Fourth, think of what RAID1 is all about - protection against drive failure. Now, think about how hard your drives are working during a typical day. Failure is most likely when the drive is most busy. If each day you hot-pull that disk, not only have you just walked away from redundancy until your new replacement disk is all mirrored again, you've also just put your drives to work - HEAVY work - remirroring. Guaranteed your disks are working waaaay harder during the re-mirror process than at any other time during the day. So just when they are most likely to fail (when they are working the hardest) you have also intentionally removed the RAID protection at this same time too - that's just plain CRAZY!

Fifth, when you hot-pull a drive, it is powering off right in the middle of running - it has not been safetied, and it is MOVING (i.e. sliding out of your NAS). No matter how carefully and how smoothly you pull that drive, compared to the fine tolerances of space between the heads and the platter, you are giving it a massively rocky ride. Are you sure you aren't causing the heads to crash onto the platter while you are doing this? Where have you ever read that it is safe for the disk to hot-pull a good drive? Hot-pull is meant for drives that are already dead. Plain and simple.

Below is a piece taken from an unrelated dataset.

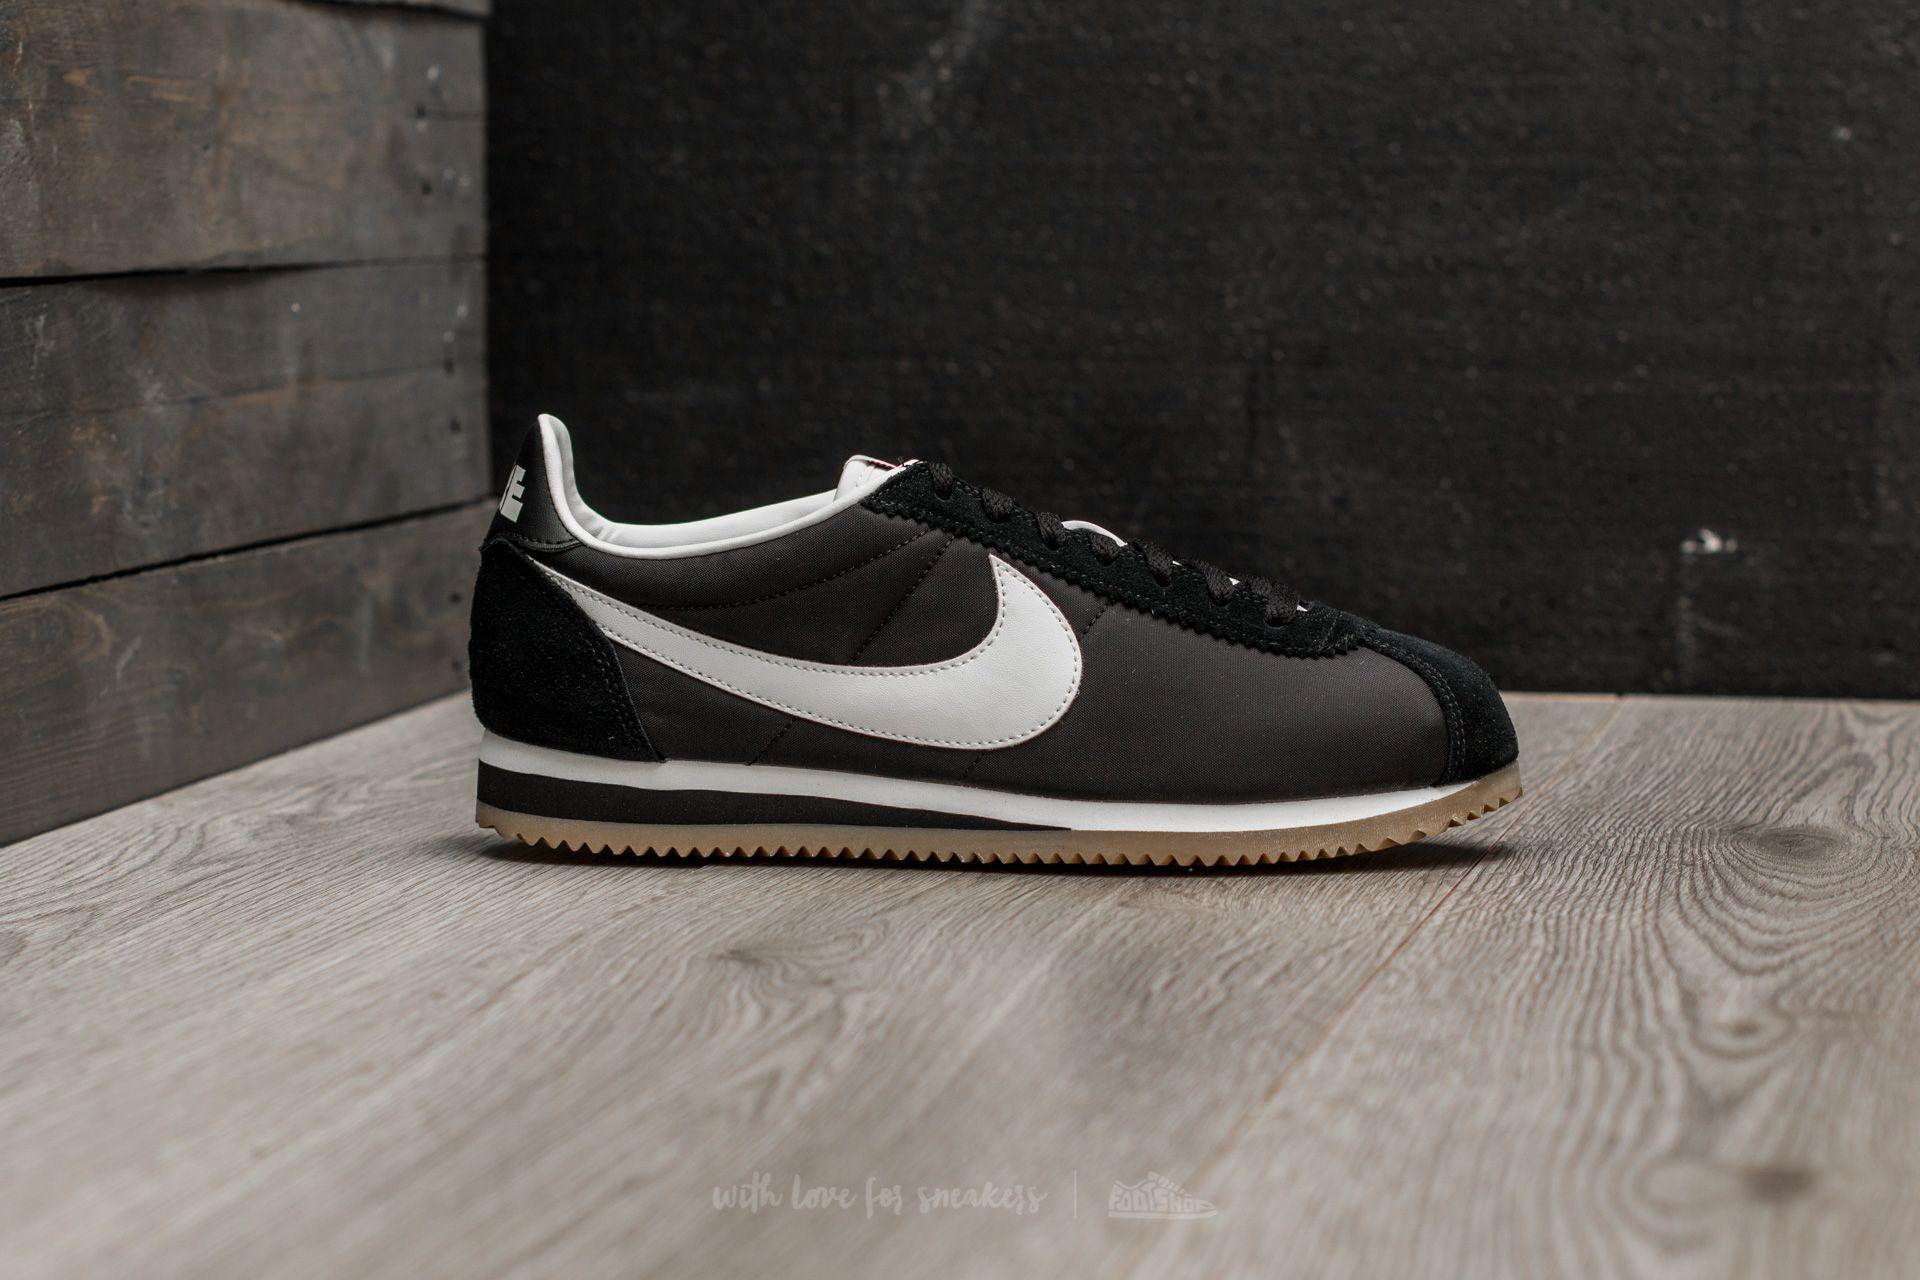 sports shoes f0707 12c02 Nike Classic Cortez Nylon Premium Black  Sail-gum Light Brown in ...
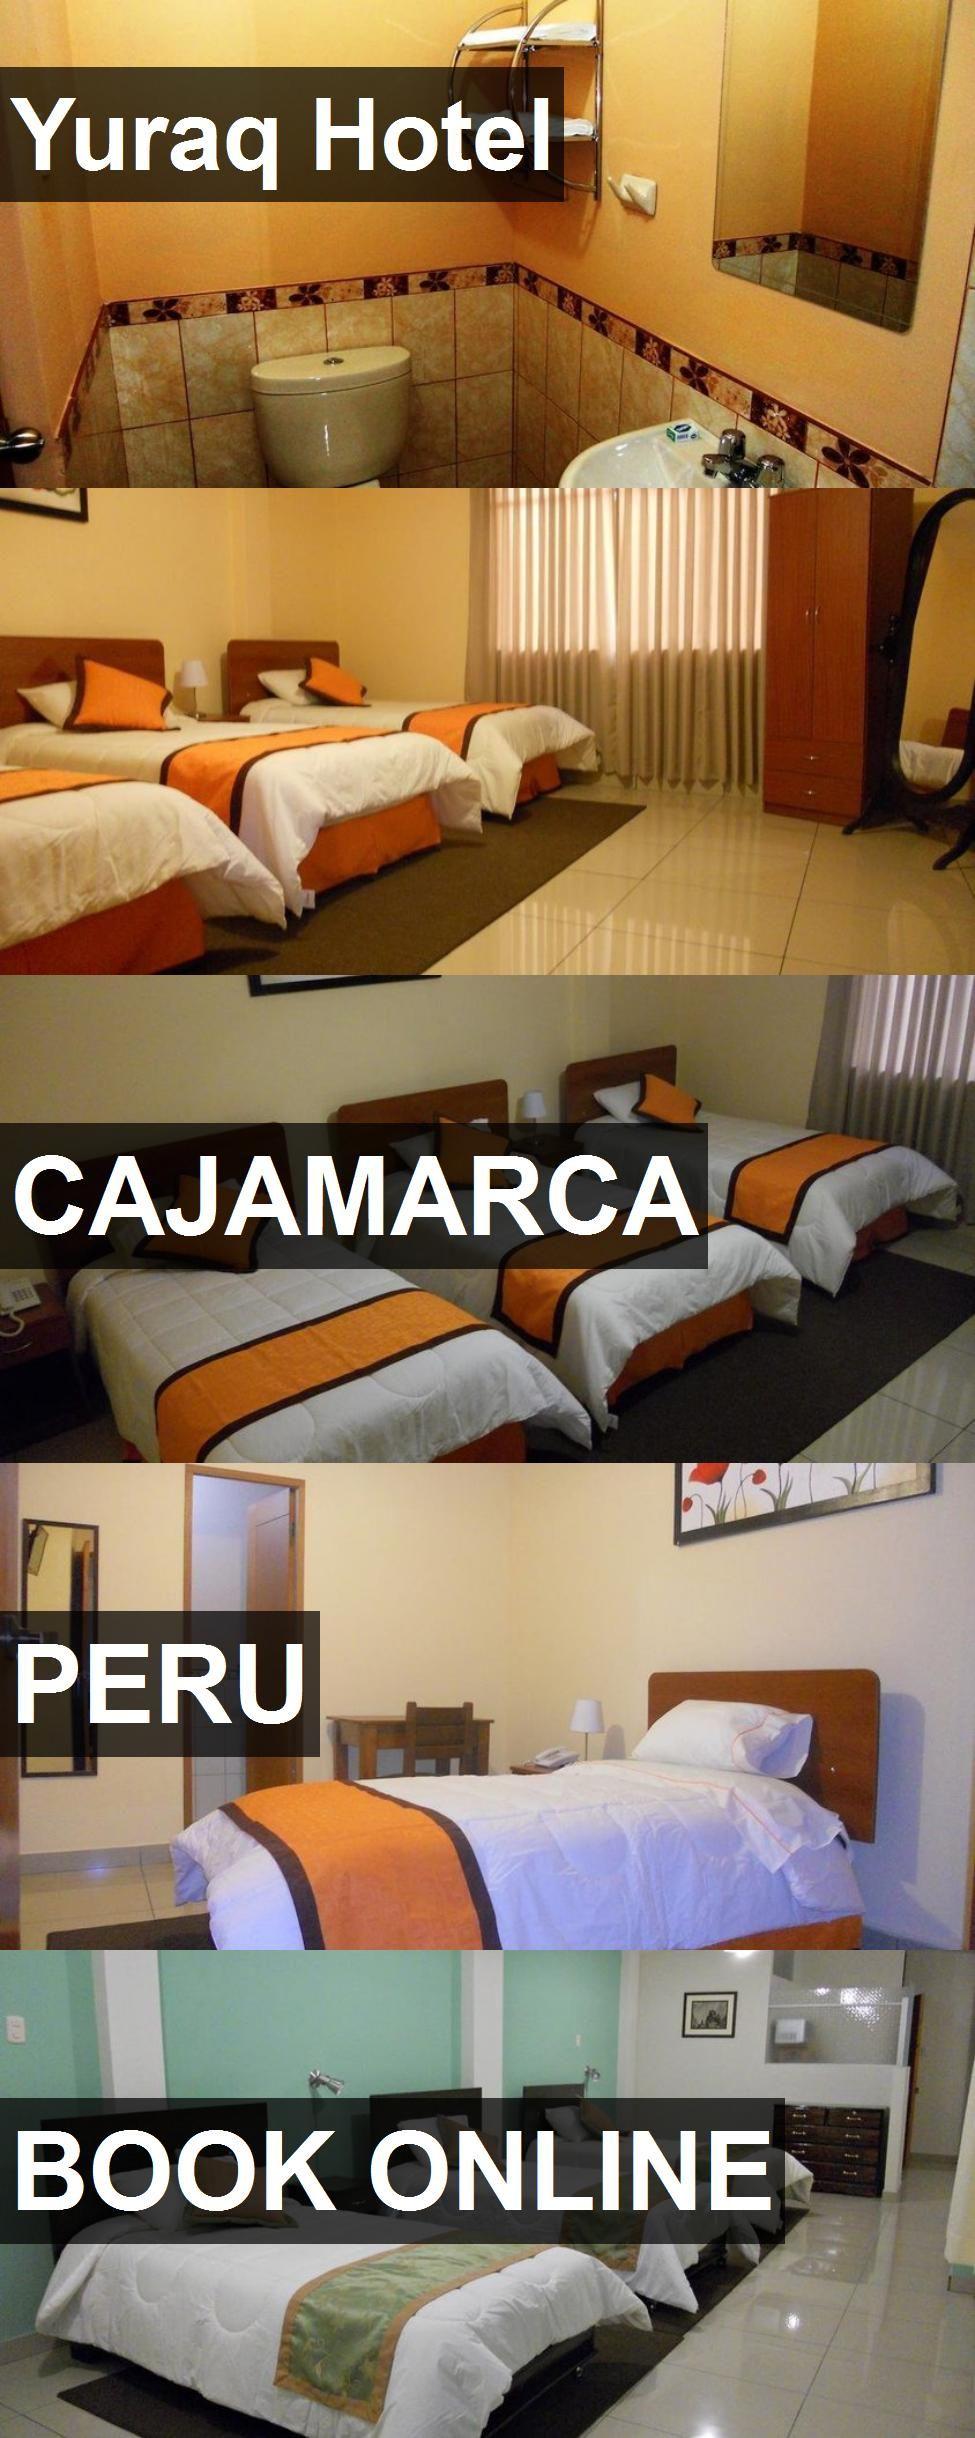 Yuraq Hotel in Cajamarca, Peru. For more information

Bottom line - when RAID was designed, it was never intended as a method of hot-pull-backup. For the reasons outlined above, it should never be done. Think about it this way: Backups are important. They protect your precious data. Backup solutions (such as backup software or synchronizing tools like rsync) are designed specifically for doing exactly this job - backing up your important stuff. If your data is really so important, why would you rely on a method that was never intended to even work, to protect it, when there are other, much better methods that were actually designed to do this job properly? For examply, why would you try to put new tires on your car while driving down the road, when there are perfectly good garages you could pull into, and they can do it right?

I regularly see people on many different forums complaining about trying to use RAID1-hot-pull as a backup method and they always seem to have problems - makes me shake my head in disbelief every time. They mustn't really care about their data, or they would use a proper backup method.